SIAM 计算期刊》，提前印刷。摘要我们考虑的是高维度均值分离高斯混合物的聚类问题。我们从[math]同一协方差高斯混合物中得到样本，因此对于某个参数[math]，任意两对均值之间的最小成对距离至少为[math]，目标是恢复这些样本的基本真实聚类。民间传说，分离 [math] 是恢复良好聚类的必要条件和充分条件（例如，误差恒定或 [math]），至少在信息理论上是这样。然而，实现这一保证的估计器效率很低。我们给出了第一种在[math]和[math]维度下都能以多项式时间运行的算法，它几乎与这一保证相匹配。更准确地说，我们给出了一种算法，它需要的样本和时间都是多项式的，而且只要分离度是[math]，对于任意[math]，它都能成功地恢复一个好的聚类。在此之前，只有当分离度为[math]的多项式时，这个问题的多项式时间算法才是已知的，而所有能容忍[math]分离度的算法都需要准多项式时间。在额外的温和假设条件下，我们还将结果扩展到了满足泊恩卡不等式的分布的平移混合物。我们的主要技术工具是一种隐式表示和估计分布高阶矩的新方法，我们认为它具有独立的意义，它允许我们提取高阶矩的重要信息，而无需明确写下完整的矩张量。
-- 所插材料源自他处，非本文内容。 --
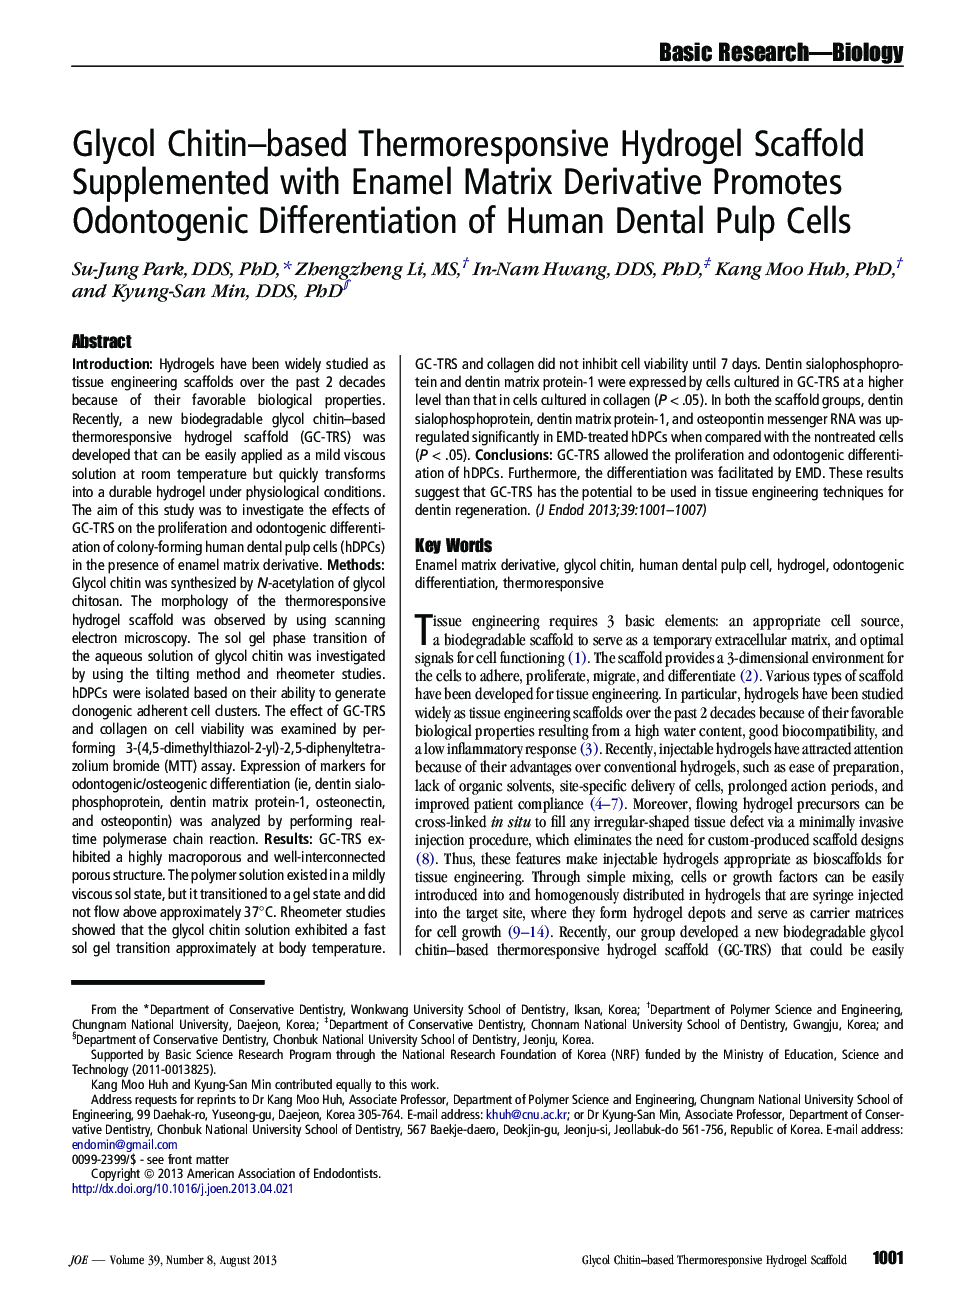 Glycol Chitin–based Thermoresponsive Hydrogel Scaffold Supplemented with Enamel Matrix Derivative Promotes Odontogenic Differentiation of Human Dental Pulp Cells

本文章由计算机程序翻译，如有差异，请以英文原文为准。

查看原文本刊更多论文

Clustering Mixtures with Almost Optimal Separation in Polynomial Time

SIAM Journal on Computing, Ahead of Print.
Abstract. We consider the problem of clustering mixtures of mean-separated Gaussians in high dimensions. We are given samples from a mixture of [math] identity covariance Gaussians, so that the minimum pairwise distance between any two pairs of means is at least [math], for some parameter [math], and the goal is to recover the ground truth clustering of these samples. It is folklore that separation [math] is both necessary and sufficient to recover a good clustering (say, with constant or [math] error), at least information-theoretically. However, the estimators which achieve this guarantee are inefficient. We give the first algorithm which runs in polynomial time in both [math] and the dimension [math], and which almost matches this guarantee. More precisely, we give an algorithm which takes polynomially many samples and time, and which can successfully recover a good clustering, so long as the separation is [math], for any [math]. Previously, polynomial time algorithms were only known for this problem when the separation was polynomial in [math], and all algorithms which could tolerate [math] separation required quasipolynomial time. We also extend our result to mixtures of translations of a distribution which satisfies the Poincaré inequality, under additional mild assumptions. Our main technical tool, which we believe is of independent interest, is a novel way to implicitly represent and estimate high degree moments of a distribution, which allows us to extract important information about high degree moments without ever writing down the full moment tensors explicitly.

求助全文

通过发布文献求助，成功后即可免费获取论文全文。去求助

来源期刊

SIAM Journal on Computing 工程技术-计算机：理论方法

CiteScore

4.60

自引率

0.00%

发文量

审稿时长

6-12 weeks

期刊介绍： The SIAM Journal on Computing aims to provide coverage of the most significant work going on in the mathematical and formal aspects of computer science and nonnumerical computing. Submissions must be clearly written and make a significant technical contribution. Topics include but are not limited to analysis and design of algorithms, algorithmic game theory, data structures, computational complexity, computational algebra, computational aspects of combinatorics and graph theory, computational biology, computational geometry, computational robotics, the mathematical aspects of programming languages, artificial intelligence, computational learning, databases, information retrieval, cryptography, networks, distributed computing, parallel algorithms, and computer architecture.